▶ _What you should do_
Exclude the pictures and reproduce the remaining data exactly as written.

▶ _The data_
▬▬▬▬▬▬

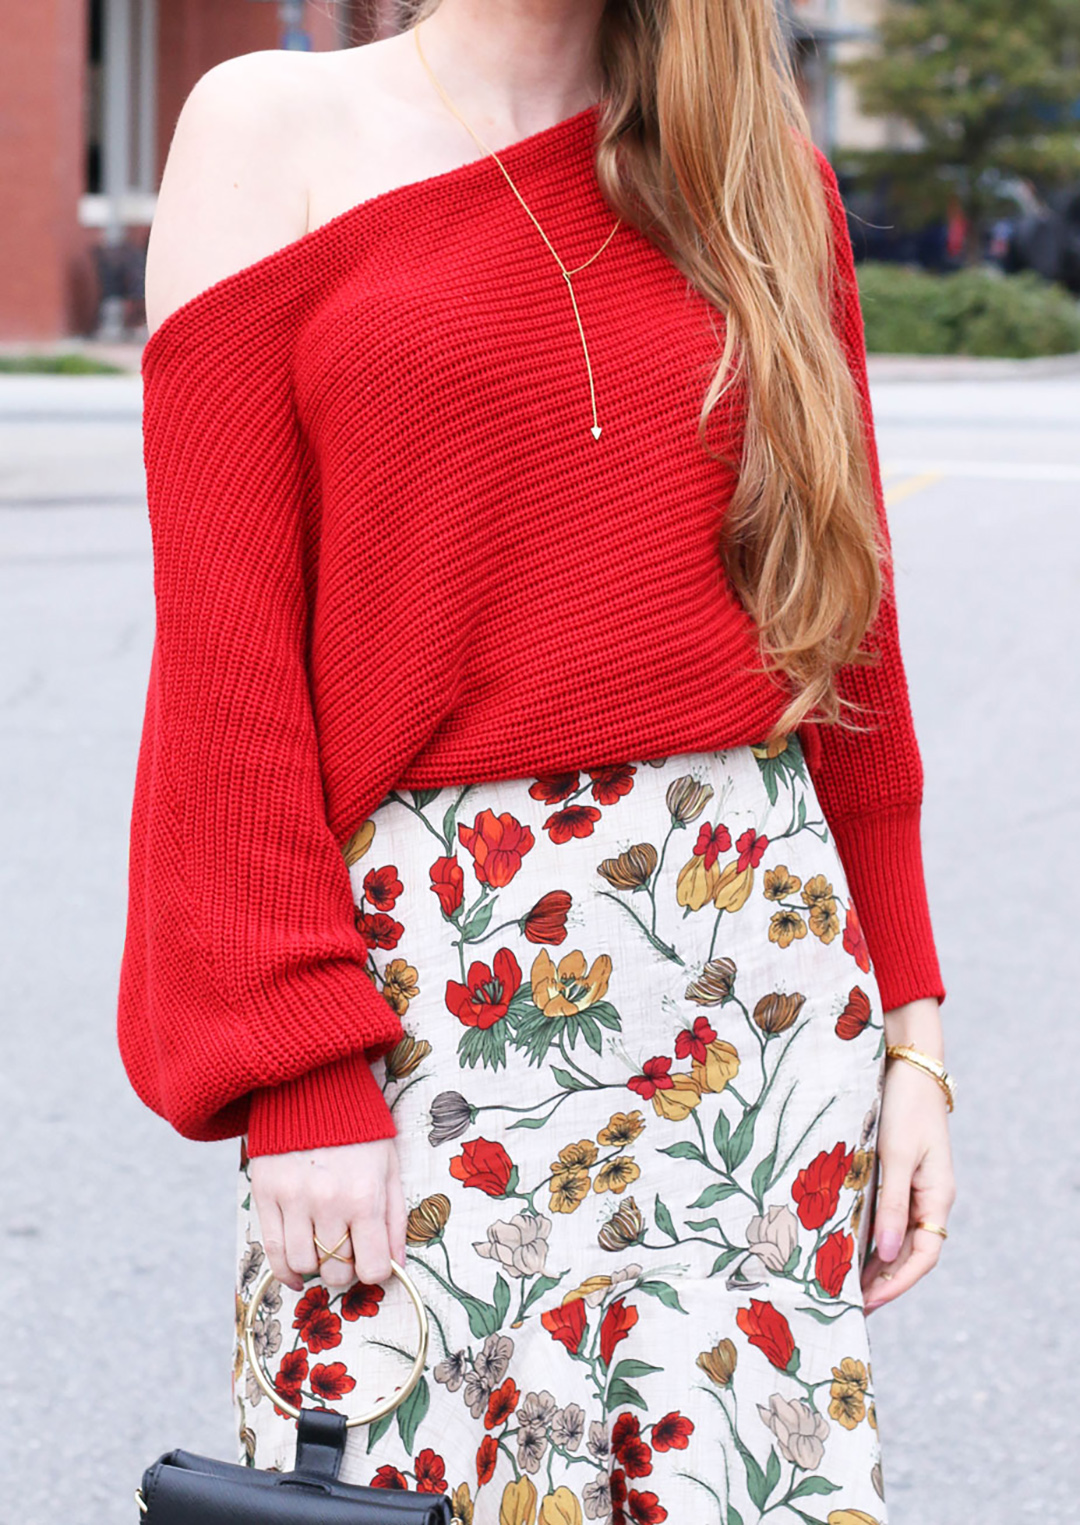 Cozy Off The Shoulder Sweater. Midi Skirt. Floral Skirt. Fall Style. Christmas sweater. Thanksgiving outfit. Holiday style. Black booties. Ring bag. Chunky sweater.
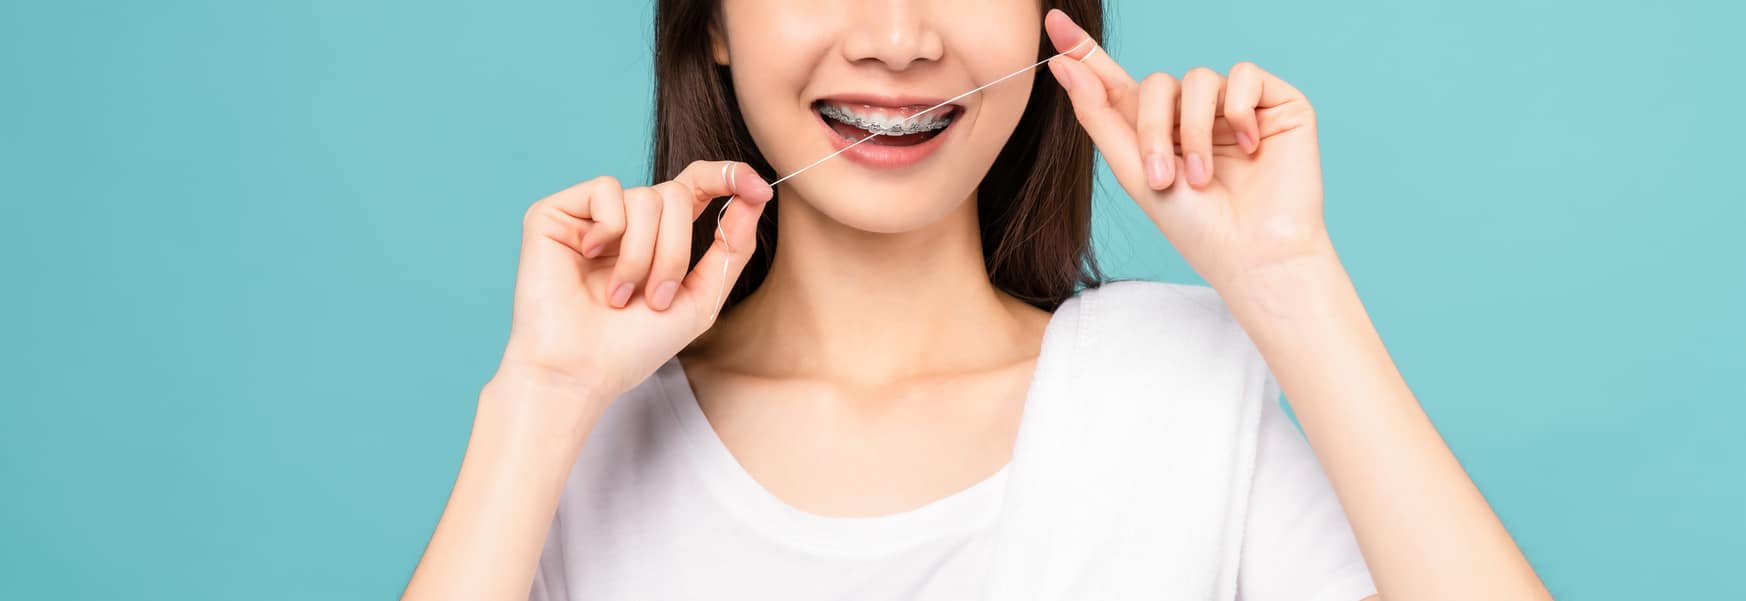 Smiling woman cleaning braces on teeth with dental floss on blue background, Concept oral hygiene.
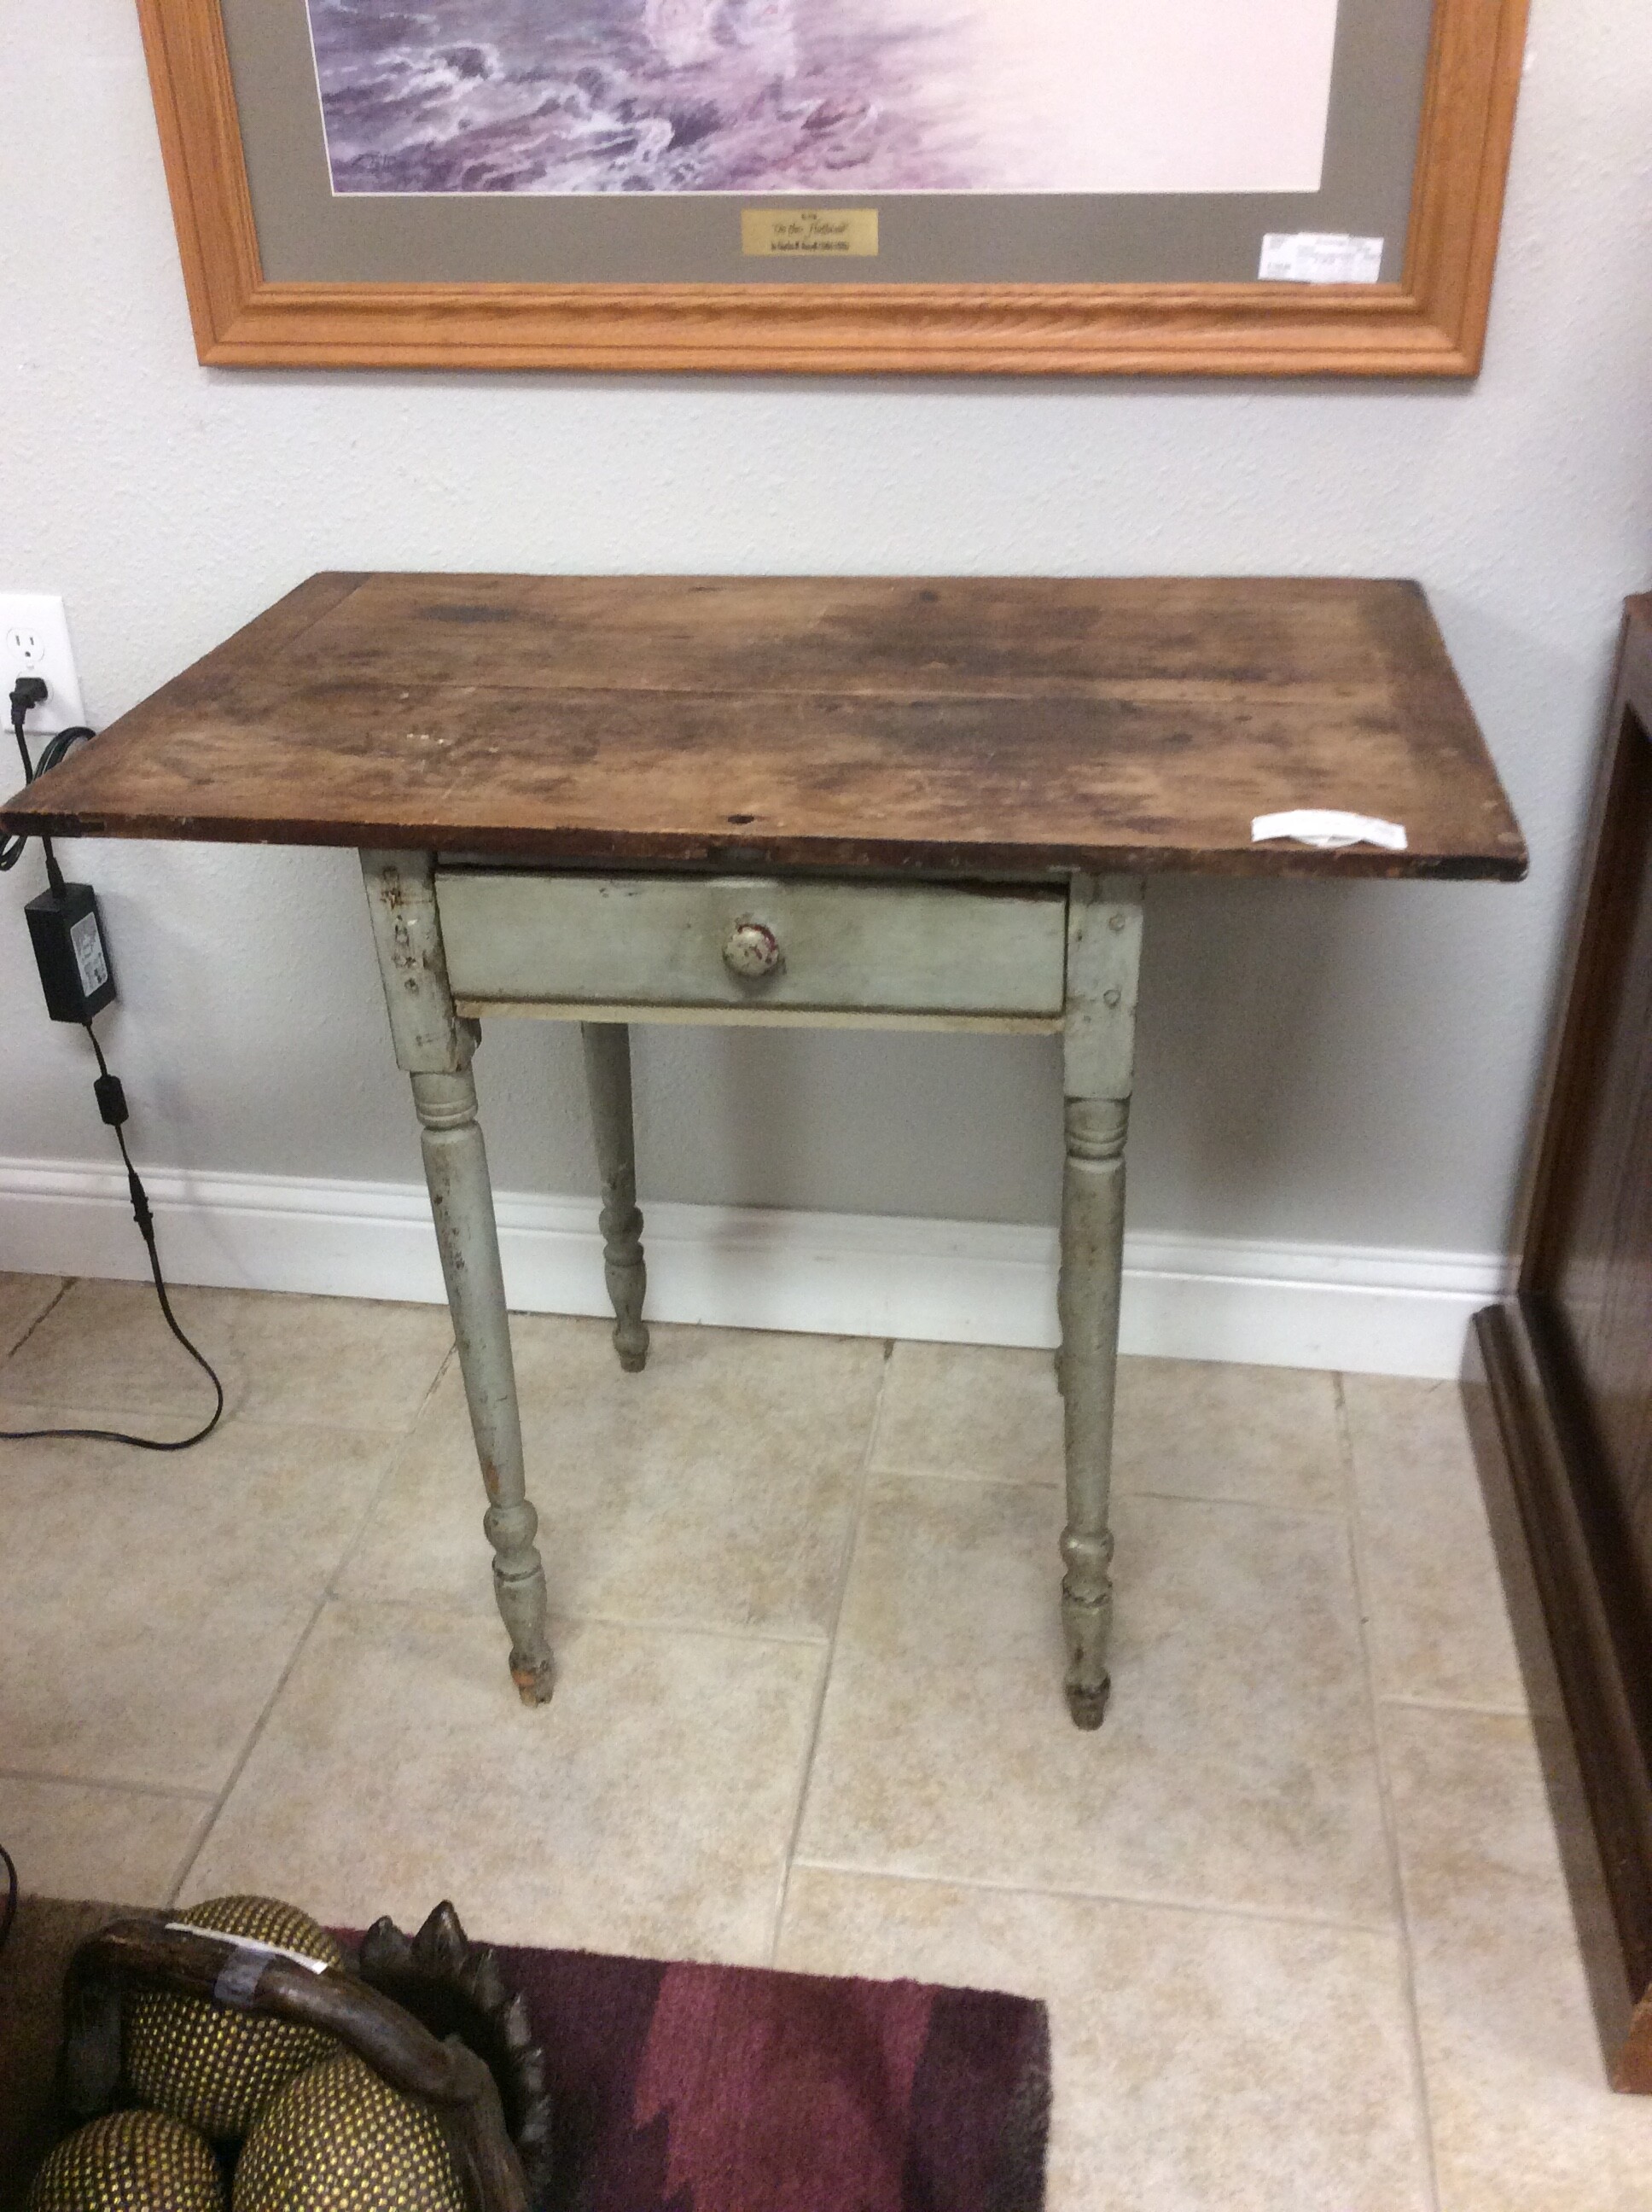 This charming rustic antique table has a center drawer and distressed painted base. Could be used in multiple settings.

▬▬▬▬▬▬

▶ _Answer box_
 Cozy Off The Shoulder Sweater. Midi Skirt. Floral Skirt. Fall Style. Christmas sweater. Thanksgiving outfit. Holiday style. Black booties. Ring bag. Chunky sweater.
 Smiling woman cleaning braces on teeth with dental floss on blue background, Concept oral hygiene.
 This charming rustic antique table has a center drawer and distressed painted base. Could be used in multiple settings.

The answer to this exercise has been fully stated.